Опять Сарычев долго молчал, смотрел на лежащего Шилова.

– Егор... – Сарычев успокоился, и теперь в голосе слышалась бесконечная усталость.

Язычок пламени в керосиновой лампе испуганно метался, и казалось, он вот-вот погаснет. На стене ломалась огромная тень от согнувшейся фигуры Сарычева, глаза, расширенные стеклами очков, блестели в полумраке.

– Попробуй вспомнить, Егор, – сказал Сарычев. – Еще есть время...

Он медленно вышел из камеры. Визгливо скрипнула дверь. Чуть позже вошел красноармеец, унес керосиновую лампу, и наступила темнота.

Шилов остался один. Некоторое время он лежал неподвижно, потом заворочался, сел на топчан, встряхнул головой. Он мучительно пытался вспомнить эти провалившиеся из памяти дни, напрягал волю, перебирал в уме короткие события...

Вот человек подает ему через окно пакет. Лица человека не видно. Он стоит так, что свет лампы не задевает его.

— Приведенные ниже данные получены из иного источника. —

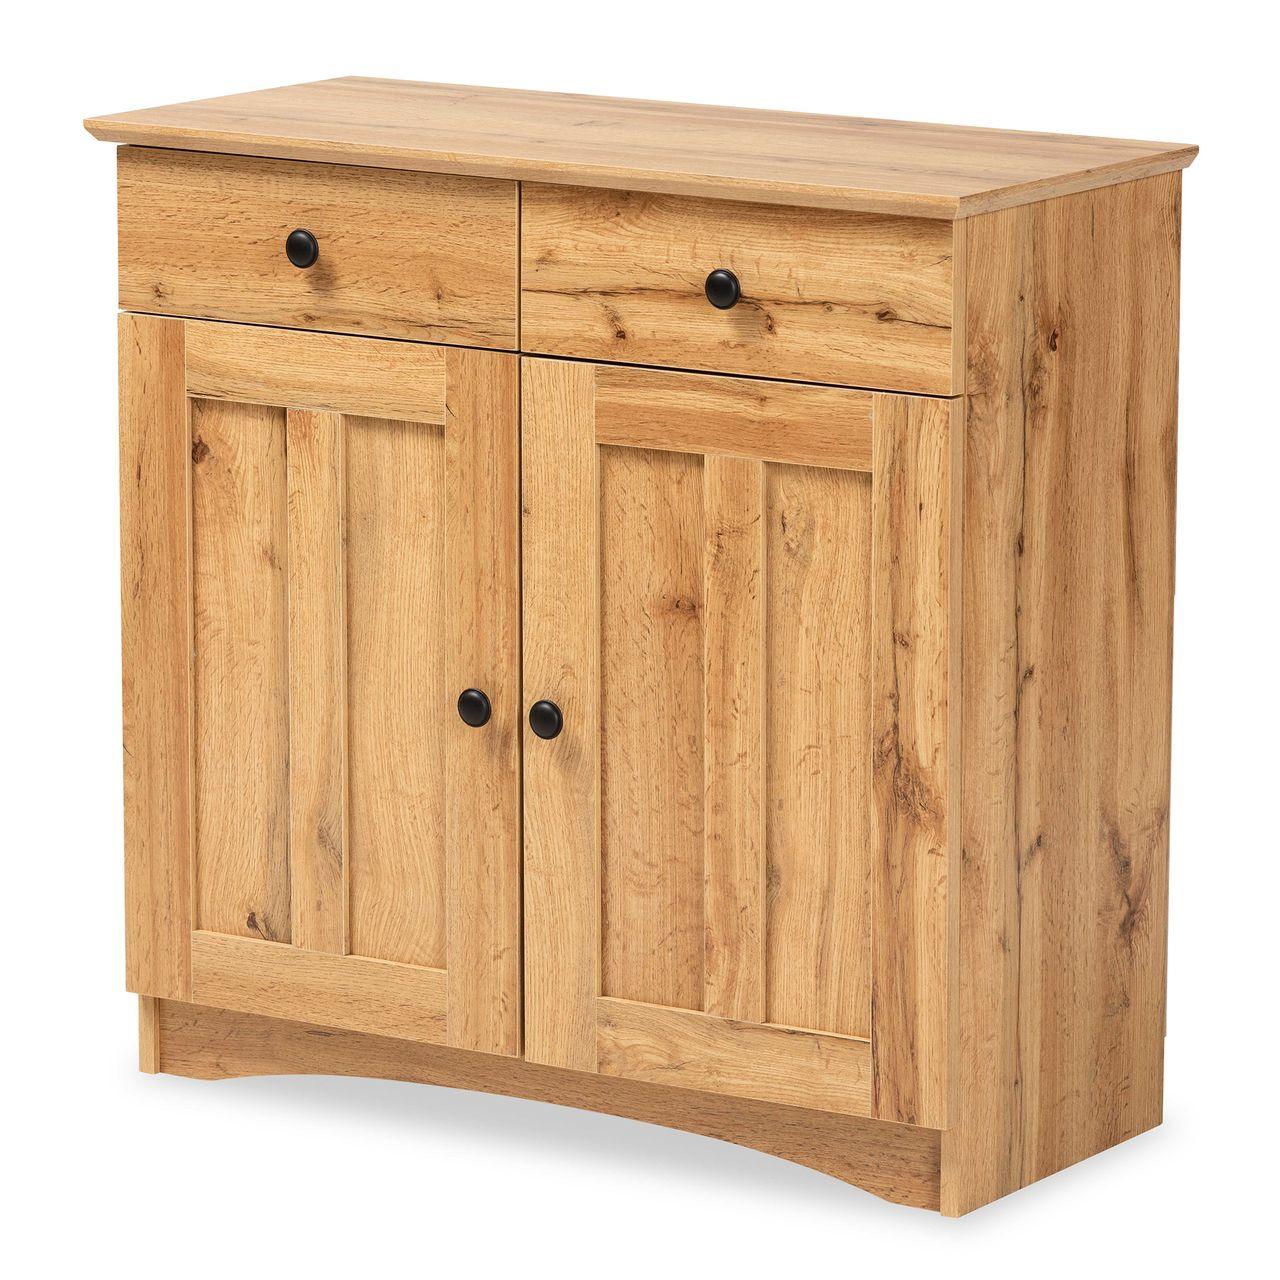 Baxton Studio Lauren 2-Door Buffet Kitchen Cabinet - Oak Brown

Шилов садится в автомобиль, пожимает руки ночным гостям. Их лиц тоже не видно. Хотя стоп! Лицо одного он запомнил – длинное, глаза навыкате, убегающий назад лоб...

Они едут по черным горбатым улочкам. Фары у автомобиля выключены, темно... Кто-то наваливается на Шилова сзади. Это происходит так неожиданно, что он не успевает оказать сопротивления.

А потом все расплывается: уходит понятие о времени, окружающее теряет всякие очертания... Кусок стены... Старое кресло. Гнутые золоченые ножки.

И вдруг, как при ярком электрическом свете, перед глазами Шилова появилось искаженное от страха лицо Ванюкина.

Шилов отчетливо видел его несколько мгновений. Потом все пропало.

Шилов вскочил с топчана, подбежал к окну. Ну-ка, ну-ка еще раз!..

Да, да, железнодорожная фуражка, блестящие пуговицы на мундире и лицо... лицо Ванюкина.

Ранним утром из ворот городской тюрьмы выехал открытый автомобиль. Впереди сидел шофер, сзади – Шилов и два чекиста по обе стороны от него. Скованные наручниками руки лежали на коленях. Егор безучастным взглядом смотрел прямо перед собой, потом закрыл глаза и откинулся на спинку сиденья. Сопровождали его два молодых паренька в гимнастерках и кожаных фуражках. Лица их были неприступны – парни преисполнены сознания собственного значения.

У железнодорожного переезда машина остановилась. Шлагбаум закрыт. Пыхтя и отдуваясь, маленький паровозик пытался преодолеть пологую, но длинную гору. Он тянул груженный лесом состав.

Шилов разлепил ресницы, увидел состав, уныло ползущий в гору, и снова закрыл глаза. Лицо его было спокойным, словно маска уснувшего человека.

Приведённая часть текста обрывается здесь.